A mass vaccination programme is getting under way in the Philippines to immunise children affected by Typhoon Haiyan.
Around 33,000 children are being vaccinated against measles and polio, starting in evacuation centres in the devastated city of Tacloban and other hard-hit areas.
The World Health Organisation said children who have been made homeless or who are living in temporary shelter are at particular risk of contracting infectious diseases.
WHO Representative in the Philippines Dr Julie Hall said: "Measles can be deadly, especially in young children."
UNICEF medics are also assessing the risk of diseases in the numerous temporary shelters, where typhoon survivors have been camping out for more than two weeks.
Chinese medics have set up a field hospital in Tacloban to treat injured and ill survivors.

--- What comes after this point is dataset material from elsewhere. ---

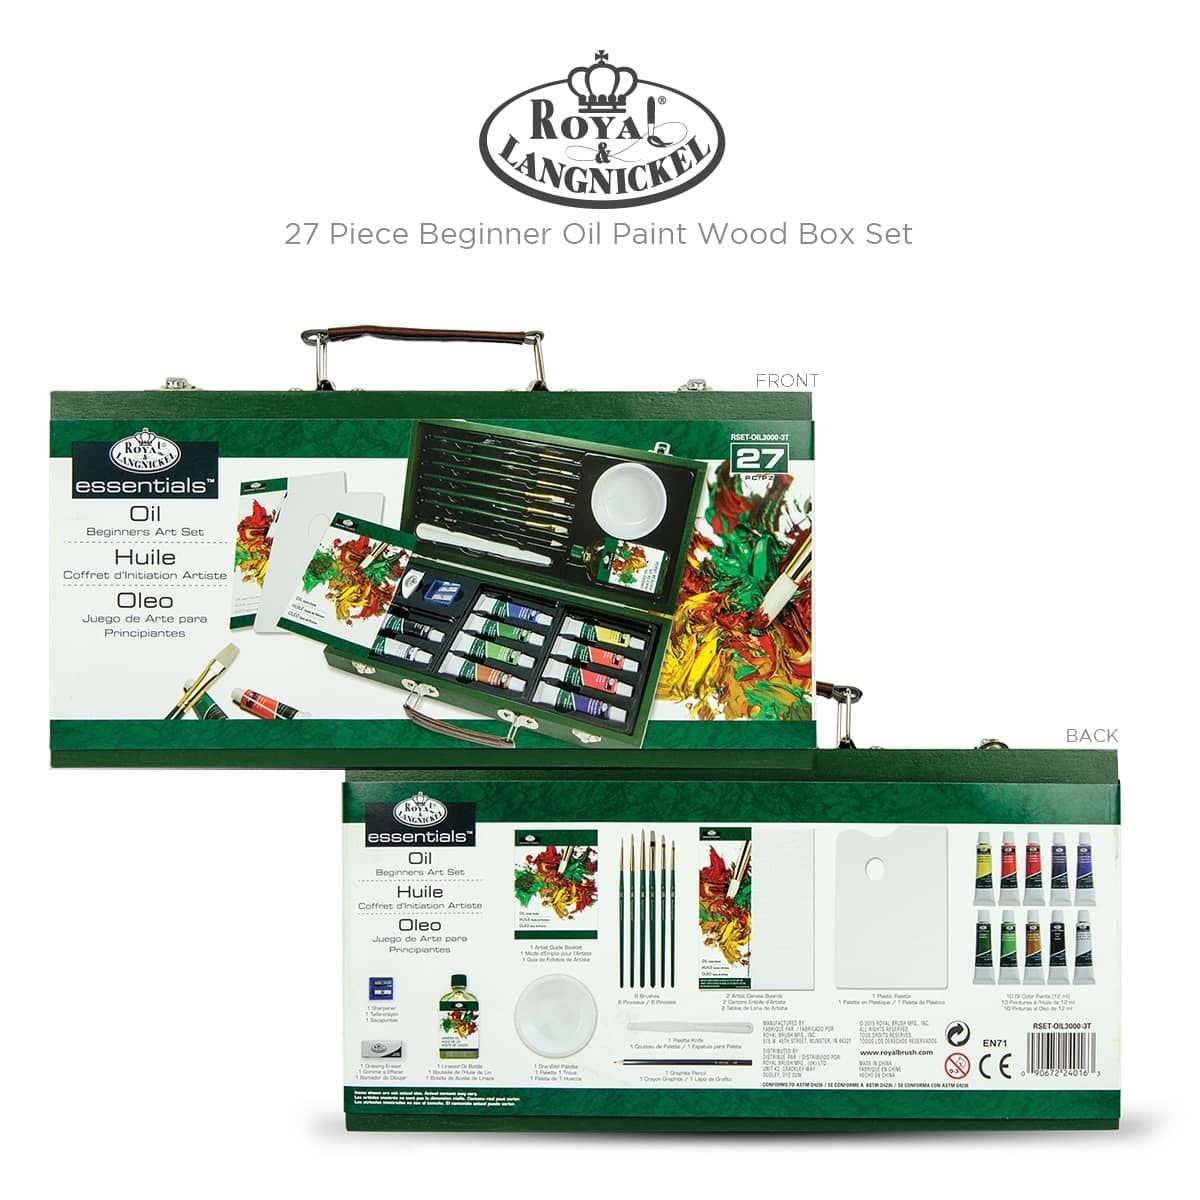 Royal & Langnickel Wood Box Art Sets

More than 5,200 people were killed when one of the world’s largest storms made landfall on 8 November.
It is believed that up to 4.4 million people have been displaced by Haiyan.

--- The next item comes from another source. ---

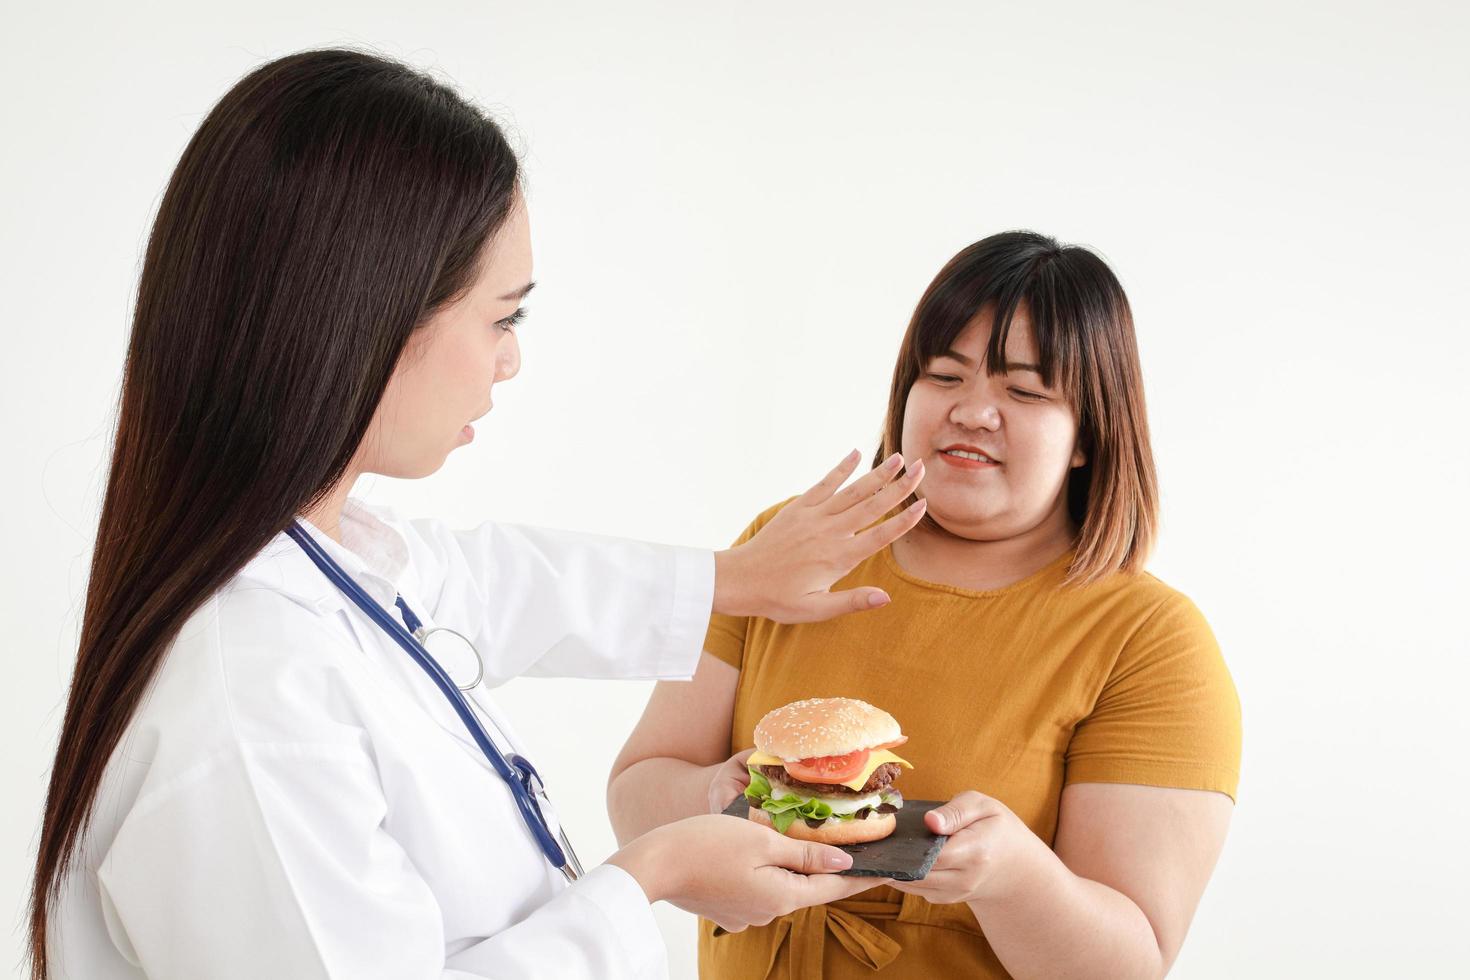 Eine Ärztin hält einen Hamburger für eine dicke Frau. weißer Hintergrund. Konzept der Gewichtskontrolle. diätetische Betreuung adipöser Patienten. gute Gesundheit zu haben foto

The UN has said life-saving assistance is still urgently needed, particularly food, water and shelter due to limited access and lack of long-term supplies.
It said it needs to raise over €300m to address those needs.
The relief effort has been aided by the arrival in the area of British carrier HMS Illustrious.
The ship is carrying around 500 tonnes of aid that includes 12,500 blankets, 20,000 candles and 30,000 rice bags.
It also has thousands of vegetable tins, shelter kits, jerry cans and water carriers.
Seven helicopters are on board to help get the aid quickly into remote areas, Britain's Ministry of Defence said in a statement.
The carrier was around the Horn of Africa on counter-piracy operations when it was re-tasked with the humanitarian aid operation.